While we acknowledge the risk of delay in RBI rate cuts, the 4-2 split vote in the June meeting points towards eventual pivot to rate cuts, the report says
While we acknowledge the risk of delay in RBI rate cuts, the 4-2 split vote in the June meeting points towards eventual pivot to rate cuts, the report says | Photo Credit: STEFAN WERMUTH

Mumbai

While India’s GDP growth is expected to modestly slowdown in the remaining three quarters of 2024, potential Government focus on welfare measures could help boost the rural demand and support private consumption, according to a HSBC Global Private Banking (HSBC GPB) report.

“We also expect a pick-up in private capex and FDI, with the election uncertainty behind us,” HSBC GPB said, adding India’s economic momentum remains robust.

In the first quarter ended March 2024, India’s GDP growth exceeded consensus estimates yet again, clocking in a 7.8 per cent year-on-year GDP growth, it added.

Overweight on equities

“We maintain a mild overweight on Indian equities over the next 6-12 months as long-term fundamentals still paint a supportive backdrop,” per the report.

Indian equities benefit from strong domestic investor base – both institutional and retail, light positioning from foreign investors and strong GDP growth trajectory which is expected to translate to corporate earnings growth.

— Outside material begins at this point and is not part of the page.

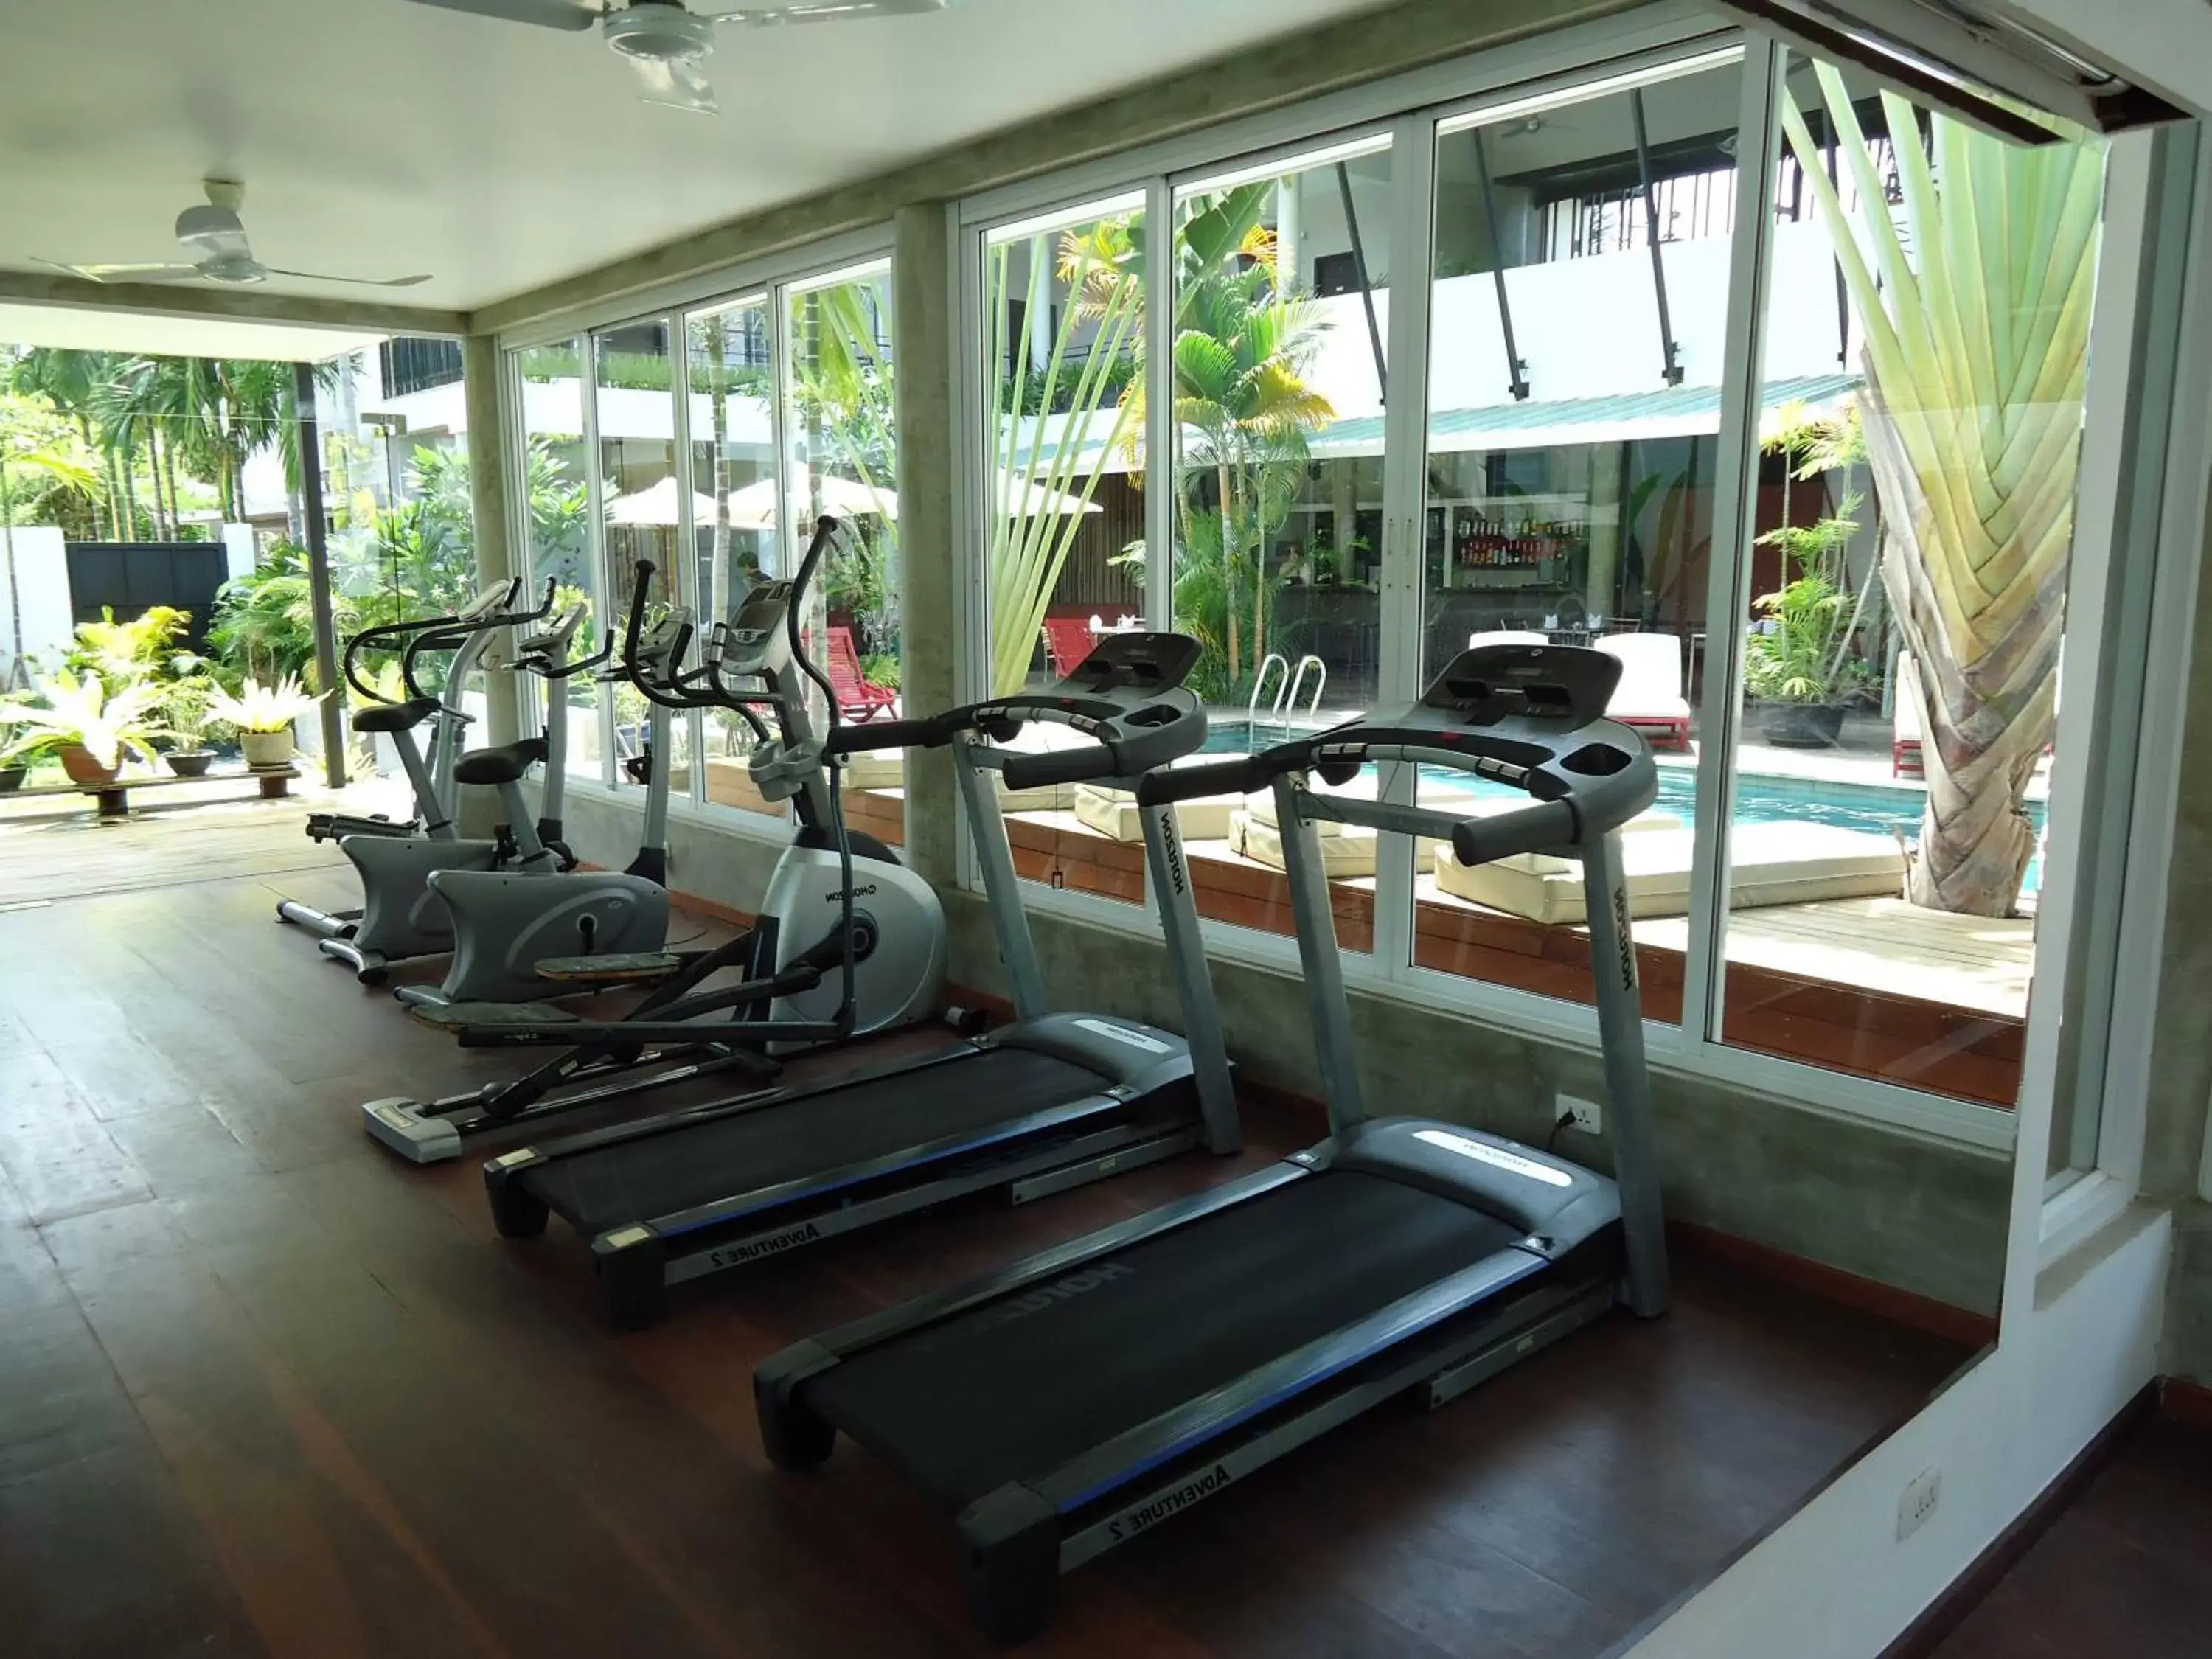 Fitness centre/facilities, Fitness Center/Facilities in MEN's Resort & Spa (Gay Hotel)

The above-mentioned factors should offset the concerns of elevated valuation, HSBC GPB said.

“We continue to favour large-cap equities over small and mid-cap equities, owing to their more defensive characteristics and cheaper valuation.

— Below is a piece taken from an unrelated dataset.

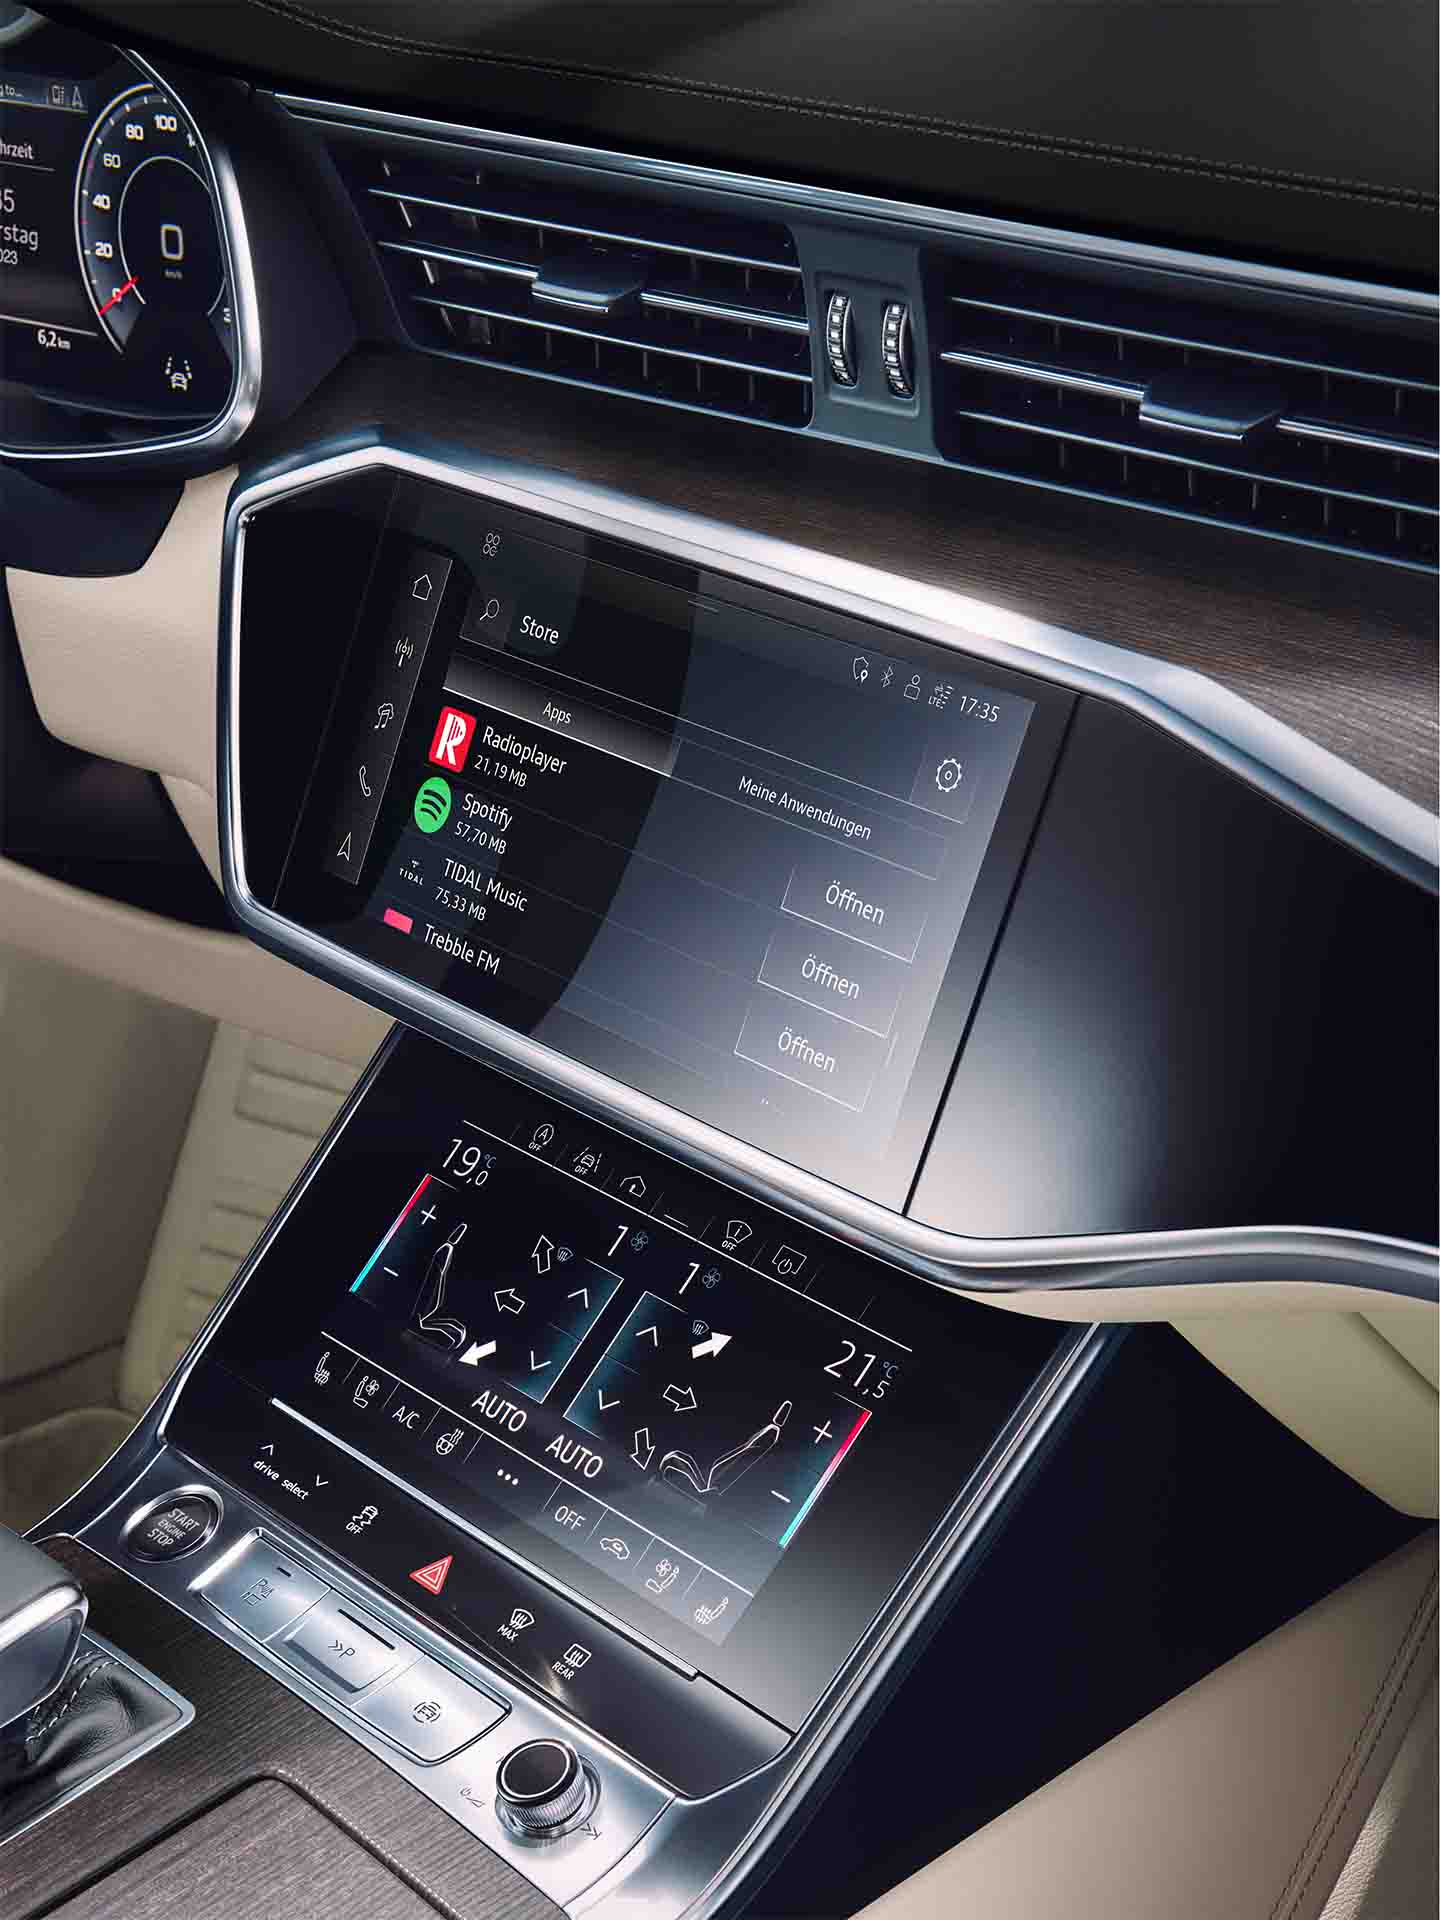 Audi MMI system

“From a sector perspective, we favour Indian banks, consumer discretionary and industrials which benefit from the booming digital economy, consumer spending and government spending push towards infrastructure and manufacturing,” said James Cheo, CIO for South East Asia and India at HSBC GPB and Wealth, adding he is bullish on Indian local currency bonds.

On rate cut

“While we acknowledge the risk of delay in RBI rate cuts, the 4-2 split vote in the June meeting points towards eventual pivot to rate cuts, which should lead to capital appreciation (and decline in yields),” the report said.

The supportive demand-supply dynamics should allow markets to absorb any increase in supply to fund welfare scheme.

HSBC GPB noted that the recent rating action by S&P, upgrading the outlook for Indian sovereign ratings to “positive” points towards chances of a rating upgrade.

“We remain sanguine on INR (Indian Rupee). INR remains one of the best performing currencies in Asia, aided by RBI’s proactive stance to use its sizeable forex reserves to manage currency volatility and the structural inflows into Indian bonds,” the report said.